William P. Kinsella, Author of ‘Shoeless Joe,’ Dies at 81
By CHRISTOPHER MELE SEPT. 17, 2016 William P. Kinsella in 1992 at SkyDome in Toronto. Credit Rusty Kennedy/Associated Press
William P. Kinsella, who wrote “Shoeless Joe,” the novel that became the basis for the 1989 movie “Field of Dreams,” and the author of numerous baseball short stories, poetry collections and several works of nonfiction, died on Friday from a Doctor assisted suicide. Canada passed this just this past June 2016 and it is unique in having no requirements . Mr Kinsella was 81 and “depressed”
His literary agent, Carolyn Swayze, confirmed his death on her website. Mr. Kinsella’s works were known for their affection toward baseball, with characters and plots frequently set around the sport. They also were infused with a magical realism.
He told The Vancouver Sun in 2011 that he loved taking stories in directions readers did not expect. “I just think magically, I always have,” he said.

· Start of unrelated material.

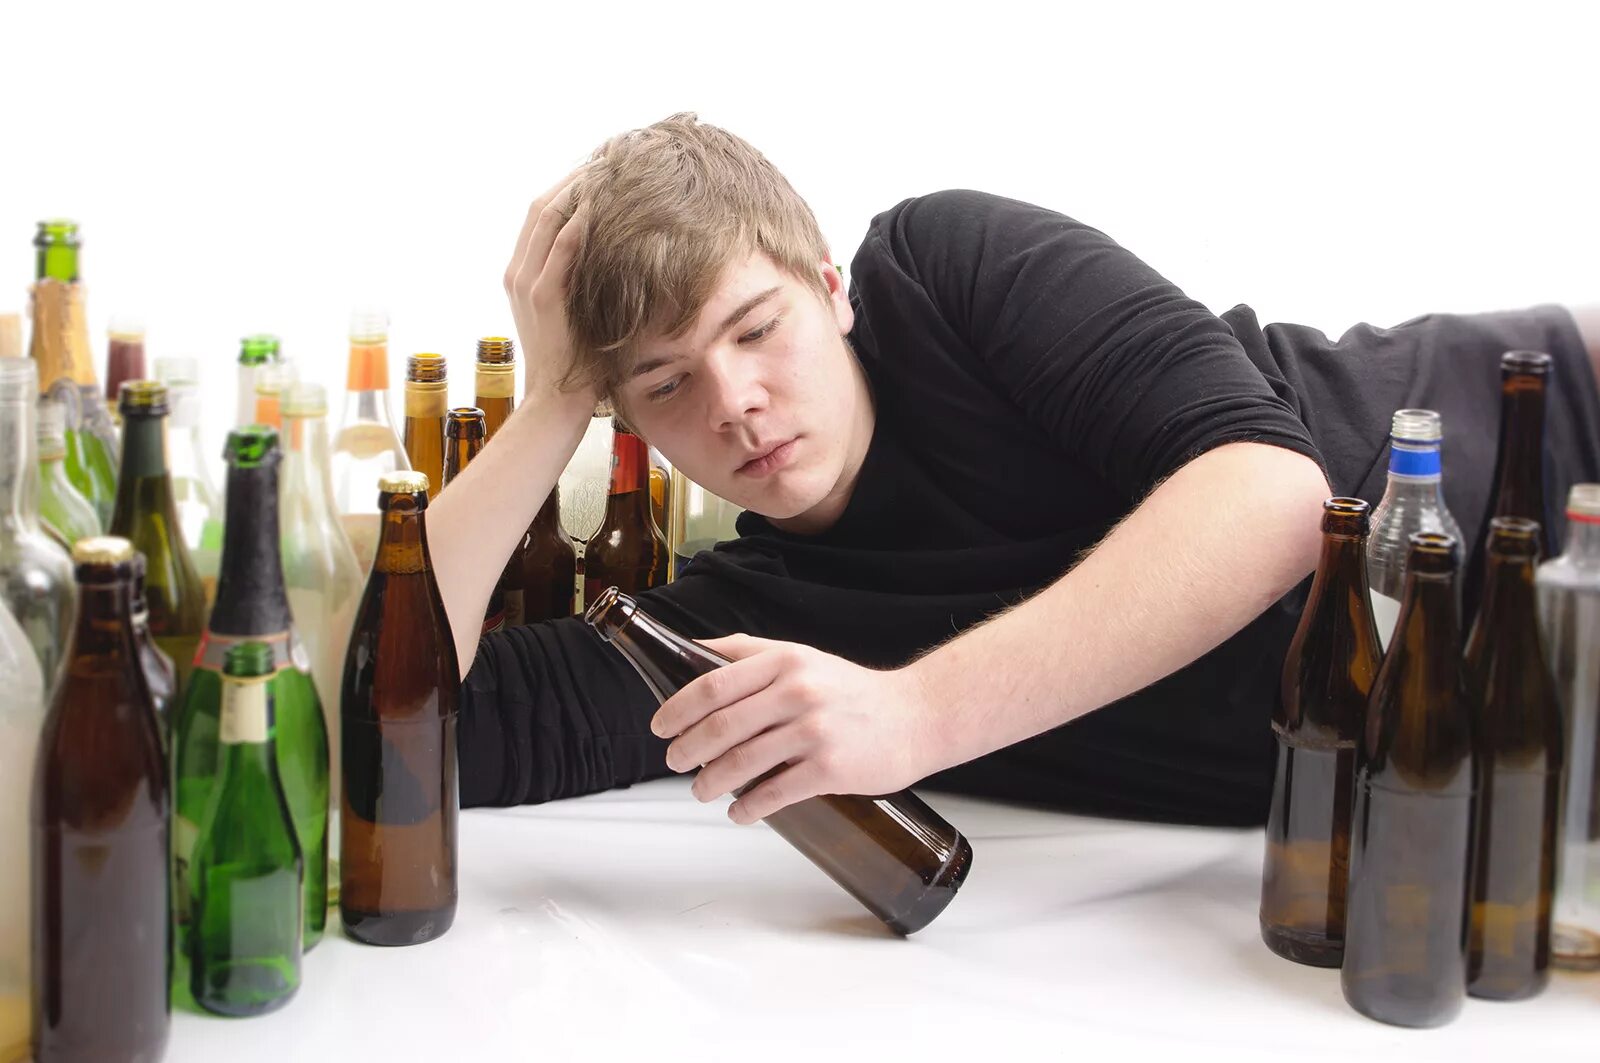 Мужчина злоупотребляет алкоголем. Молодежь с пивом. Алкоголизм молодежи.

In a 1982 review of “Shoeless Joe” in The New York Times Book Review, Daniel Okrent wrote: “Mr. Kinsella is drunk on complementary elixirs, literature and baseball, and the cocktail he mixes of the two is a lyrical, seductive and altogether winning concoction. It’s a love story, really the love his characters have for the game becoming manifest in the trips they make through time and space and ether.”
In addition to “Shoeless Joe,” Mr. Kinsella wrote other novels in that genre, including “The Iowa Baseball Confederacy,” “Magic Time,” “If Wishes Were Horses” and “Butterfly Winter.”

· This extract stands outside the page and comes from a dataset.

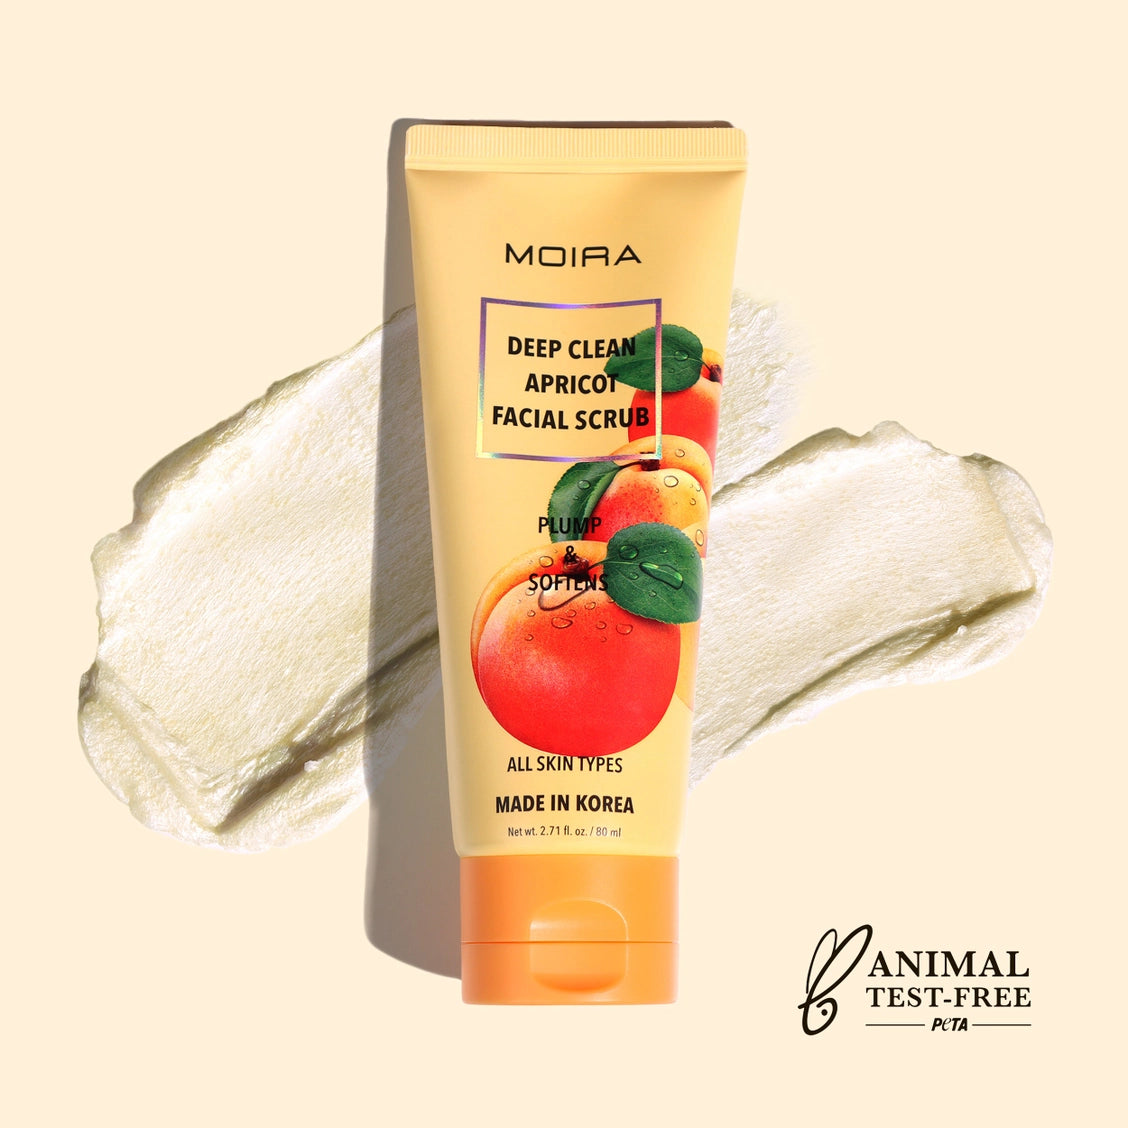 Moira Deep Clean Apricot Facial Scrub

“Field of Dreams” starred Kevin Costner, James Earl Jones and Ray Liotta. Mr. Costner played a corn farmer in Iowa who hears a voice that he interprets as a directive to build a baseball diamond in his fields, which he does. Mr. Kinsella had originally called the novel “Dream Field,” a choice that was overruled by his editor, according to the author’s website.
The signature line from the movie — “If you build it, he will come” — is a reference to Shoeless Joe Jackson, a dead professional baseball player who appears and asks to play catch. The line has been adapted over the years and morphed into, “If you build it, they will come,” a shorthand often meant to support or criticize the chances of success of a business or other venture just getting started.

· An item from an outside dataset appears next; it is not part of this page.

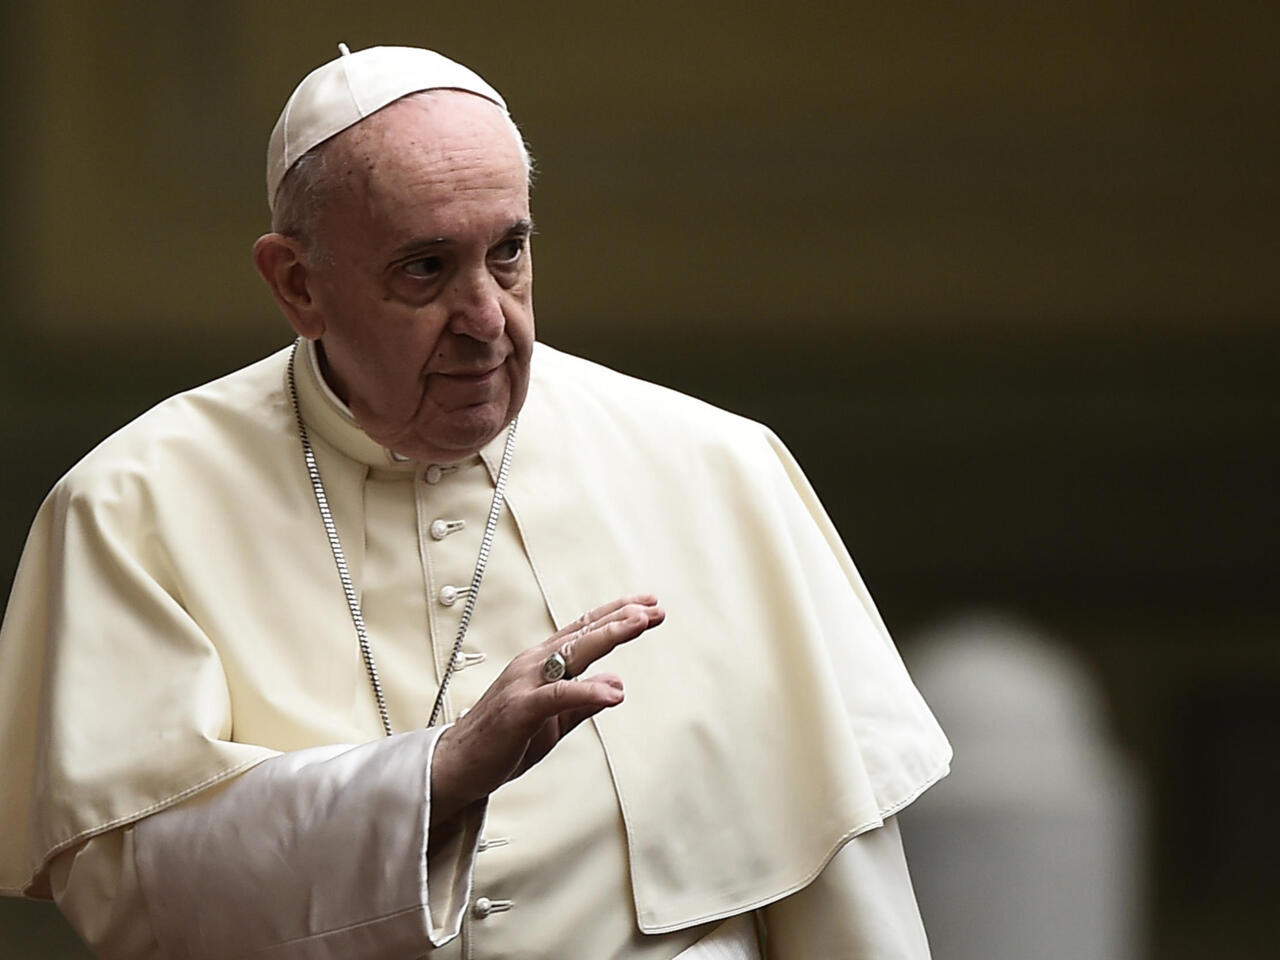 Le Pape François Sous Le Feu Des Critiques Pour Des Propos Sur Les Homosexuels

Ray Liotta, left, and Kevin Costner in a scene from the 1989 film “Field of Dreams,” based on Mr. Kinsella’s novel “Shoeless Joe.” Credit Universal Pictures
In 1997, Mr. Kinsella suffered a head injury after he was struck by a car. Three years later, The Canadian Press reported, he said he had no interest in writing fiction and spent his time playing Scrabble on the internet. His biographer, Willie Steele, said it took years for Mr. Kinsella to regain his “creative impulse to write,” contributing to a 13-year break between his published novels before “Butterfly Winter” was released in 2011, The Canadian Press reported.
Mr. Kinsella published almost 30 books of fiction, nonfiction and poetry. Ms. Swayze said in her statement that his final work of fiction, “Russian Dolls,” would be published next year by Coteau Books.
In a 1993 review of a collection of his stories, “Shoeless Joe Jackson Comes to Iowa,” Valerie Sayers, a professor of English at the University of Notre Dame, called Mr. Kinsella’s work “wide-ranging but full of recurring motifs.”
“He has a fondness for baseball, freckled women and his own brand of magic realism, which involves a comic sense sometimes unabashedly sentimental and sometimes edgy,” she wrote in The New York Times.
Mr. Kinsella was born in Edmonton, Alberta, on May 25, 1935. He had been writing since he was a child, according to his website, and won a Y.M.C.A. contest when he was 14 & received his bachelor of arts in creative writing from the University of Victoria in 1974. Later in 1978, Kinsella earned a master of fine arts degree in English from the University of Iowa. He was a professor of English at the University of Calgary before he became a professional author.
“Shoeless Joe” won the Canadian Authors Association Prize, the Alberta Achievement Award, the Books in Canada First Novel Award and the Houghton Mifflin Literary Fellowship & made an Officer of the Order of Canada in 1993. In 2005, he received the Order of British Columbia, and in 2009 the George Woodcock Lifetime Achievement Award.
His two daughters, Erin Kinsella and Shannon Kinsella, survive him, as do three stepchildren, Scarlet and Aaron Gaffney and Lyn Calendar; and four grandchildren.
Ms. Swayze said in a separate statement that Mr. Kinsella persuaded her to become a literary agent in 1994 to represent his work. “He was a dedicated storyteller, performer, curmudgeon, irascible and difficult man.”